* _What to work on_: Among the lines below, which ones contain the word "Free"? Copy every such line.

Stored dataset items:
>>>

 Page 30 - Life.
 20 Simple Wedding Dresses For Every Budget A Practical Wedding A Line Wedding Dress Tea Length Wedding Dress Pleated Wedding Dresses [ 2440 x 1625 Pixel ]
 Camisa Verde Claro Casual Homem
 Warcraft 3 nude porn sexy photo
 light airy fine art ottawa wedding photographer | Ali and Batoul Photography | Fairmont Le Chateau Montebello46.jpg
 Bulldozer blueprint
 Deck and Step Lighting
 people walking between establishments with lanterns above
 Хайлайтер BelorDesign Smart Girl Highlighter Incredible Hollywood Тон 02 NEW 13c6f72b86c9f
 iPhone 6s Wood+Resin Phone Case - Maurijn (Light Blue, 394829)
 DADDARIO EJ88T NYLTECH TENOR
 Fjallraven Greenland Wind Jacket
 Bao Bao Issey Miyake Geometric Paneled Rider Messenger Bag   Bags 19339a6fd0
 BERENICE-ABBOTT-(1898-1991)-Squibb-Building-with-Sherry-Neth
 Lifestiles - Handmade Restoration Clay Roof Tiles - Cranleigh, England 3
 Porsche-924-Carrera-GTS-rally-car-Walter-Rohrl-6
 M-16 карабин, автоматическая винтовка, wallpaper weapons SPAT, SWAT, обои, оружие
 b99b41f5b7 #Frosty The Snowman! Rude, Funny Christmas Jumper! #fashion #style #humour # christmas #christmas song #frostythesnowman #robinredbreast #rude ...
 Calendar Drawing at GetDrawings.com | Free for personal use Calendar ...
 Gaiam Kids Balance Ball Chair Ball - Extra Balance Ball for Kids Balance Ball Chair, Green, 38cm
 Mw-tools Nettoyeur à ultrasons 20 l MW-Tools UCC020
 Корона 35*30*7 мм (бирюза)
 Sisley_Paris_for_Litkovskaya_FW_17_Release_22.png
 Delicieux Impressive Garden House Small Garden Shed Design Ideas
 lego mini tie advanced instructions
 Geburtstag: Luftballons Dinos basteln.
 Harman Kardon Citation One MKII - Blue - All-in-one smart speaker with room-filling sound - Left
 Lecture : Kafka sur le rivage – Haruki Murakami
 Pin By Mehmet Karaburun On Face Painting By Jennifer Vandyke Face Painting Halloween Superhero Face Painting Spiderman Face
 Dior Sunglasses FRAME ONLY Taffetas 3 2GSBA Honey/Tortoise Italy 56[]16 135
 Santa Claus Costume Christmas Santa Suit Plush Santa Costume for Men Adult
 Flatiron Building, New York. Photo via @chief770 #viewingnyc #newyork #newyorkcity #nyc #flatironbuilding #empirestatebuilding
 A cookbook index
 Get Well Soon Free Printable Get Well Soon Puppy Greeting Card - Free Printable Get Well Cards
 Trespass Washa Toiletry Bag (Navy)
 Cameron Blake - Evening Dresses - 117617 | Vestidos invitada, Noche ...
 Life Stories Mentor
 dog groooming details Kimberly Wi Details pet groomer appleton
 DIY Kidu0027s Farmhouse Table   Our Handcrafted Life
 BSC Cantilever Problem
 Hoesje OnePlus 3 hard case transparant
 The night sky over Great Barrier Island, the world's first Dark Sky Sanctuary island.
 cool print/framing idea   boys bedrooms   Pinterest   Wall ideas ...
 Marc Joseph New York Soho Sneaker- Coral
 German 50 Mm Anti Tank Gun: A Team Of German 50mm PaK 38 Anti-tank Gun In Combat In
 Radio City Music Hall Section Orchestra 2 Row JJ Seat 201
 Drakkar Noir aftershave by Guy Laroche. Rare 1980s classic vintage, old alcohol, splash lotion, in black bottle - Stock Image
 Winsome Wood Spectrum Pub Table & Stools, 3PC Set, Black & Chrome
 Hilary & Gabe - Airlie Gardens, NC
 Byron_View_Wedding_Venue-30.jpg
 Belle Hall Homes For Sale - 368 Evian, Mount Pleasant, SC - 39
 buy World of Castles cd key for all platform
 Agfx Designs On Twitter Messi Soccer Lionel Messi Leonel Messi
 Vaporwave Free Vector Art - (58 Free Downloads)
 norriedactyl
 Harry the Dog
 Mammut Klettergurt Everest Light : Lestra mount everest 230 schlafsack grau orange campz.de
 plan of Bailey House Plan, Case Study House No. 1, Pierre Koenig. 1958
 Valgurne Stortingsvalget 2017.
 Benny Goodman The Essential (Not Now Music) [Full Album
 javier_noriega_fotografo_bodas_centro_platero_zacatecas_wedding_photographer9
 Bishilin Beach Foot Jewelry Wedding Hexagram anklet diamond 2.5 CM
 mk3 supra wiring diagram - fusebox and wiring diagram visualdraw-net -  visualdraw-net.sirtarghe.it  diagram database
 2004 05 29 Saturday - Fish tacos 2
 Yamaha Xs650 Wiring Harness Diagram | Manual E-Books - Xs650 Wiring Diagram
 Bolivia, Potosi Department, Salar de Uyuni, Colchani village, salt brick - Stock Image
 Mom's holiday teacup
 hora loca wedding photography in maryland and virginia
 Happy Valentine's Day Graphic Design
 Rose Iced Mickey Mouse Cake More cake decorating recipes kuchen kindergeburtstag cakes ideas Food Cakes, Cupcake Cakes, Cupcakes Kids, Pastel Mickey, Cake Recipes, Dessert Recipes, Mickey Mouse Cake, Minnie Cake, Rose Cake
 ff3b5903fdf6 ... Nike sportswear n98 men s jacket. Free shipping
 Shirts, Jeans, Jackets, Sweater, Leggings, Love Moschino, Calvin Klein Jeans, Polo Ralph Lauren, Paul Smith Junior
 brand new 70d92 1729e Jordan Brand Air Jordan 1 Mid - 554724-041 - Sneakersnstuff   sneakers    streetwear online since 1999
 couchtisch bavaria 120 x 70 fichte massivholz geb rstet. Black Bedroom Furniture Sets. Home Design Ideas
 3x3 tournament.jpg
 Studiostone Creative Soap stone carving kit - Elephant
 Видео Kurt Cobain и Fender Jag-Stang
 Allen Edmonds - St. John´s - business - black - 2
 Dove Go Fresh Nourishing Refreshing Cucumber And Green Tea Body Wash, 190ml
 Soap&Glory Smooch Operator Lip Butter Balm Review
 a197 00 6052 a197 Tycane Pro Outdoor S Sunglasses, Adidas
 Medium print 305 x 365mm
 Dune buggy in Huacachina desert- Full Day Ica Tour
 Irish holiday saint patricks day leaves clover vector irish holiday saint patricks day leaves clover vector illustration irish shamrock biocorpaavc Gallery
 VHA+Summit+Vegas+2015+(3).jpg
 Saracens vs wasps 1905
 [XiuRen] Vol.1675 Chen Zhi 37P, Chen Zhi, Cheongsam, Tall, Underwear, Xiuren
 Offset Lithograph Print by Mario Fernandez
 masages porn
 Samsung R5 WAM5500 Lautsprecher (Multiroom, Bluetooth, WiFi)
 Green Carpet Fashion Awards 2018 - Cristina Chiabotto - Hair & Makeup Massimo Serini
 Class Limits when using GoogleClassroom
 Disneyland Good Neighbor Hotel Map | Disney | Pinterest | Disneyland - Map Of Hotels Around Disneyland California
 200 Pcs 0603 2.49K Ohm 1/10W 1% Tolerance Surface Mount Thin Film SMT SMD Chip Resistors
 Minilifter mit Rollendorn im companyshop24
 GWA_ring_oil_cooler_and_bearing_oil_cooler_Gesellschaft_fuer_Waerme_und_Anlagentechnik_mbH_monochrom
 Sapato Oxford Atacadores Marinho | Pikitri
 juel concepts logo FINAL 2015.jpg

<<<

* _Solution for this exercise_:
 Calendar Drawing at GetDrawings.com | Free for personal use Calendar ...
 Get Well Soon Free Printable Get Well Soon Puppy Greeting Card - Free Printable Get Well Cards
 Vaporwave Free Vector Art - (58 Free Downloads)
 ff3b5903fdf6 ... Nike sportswear n98 men s jacket. Free shipping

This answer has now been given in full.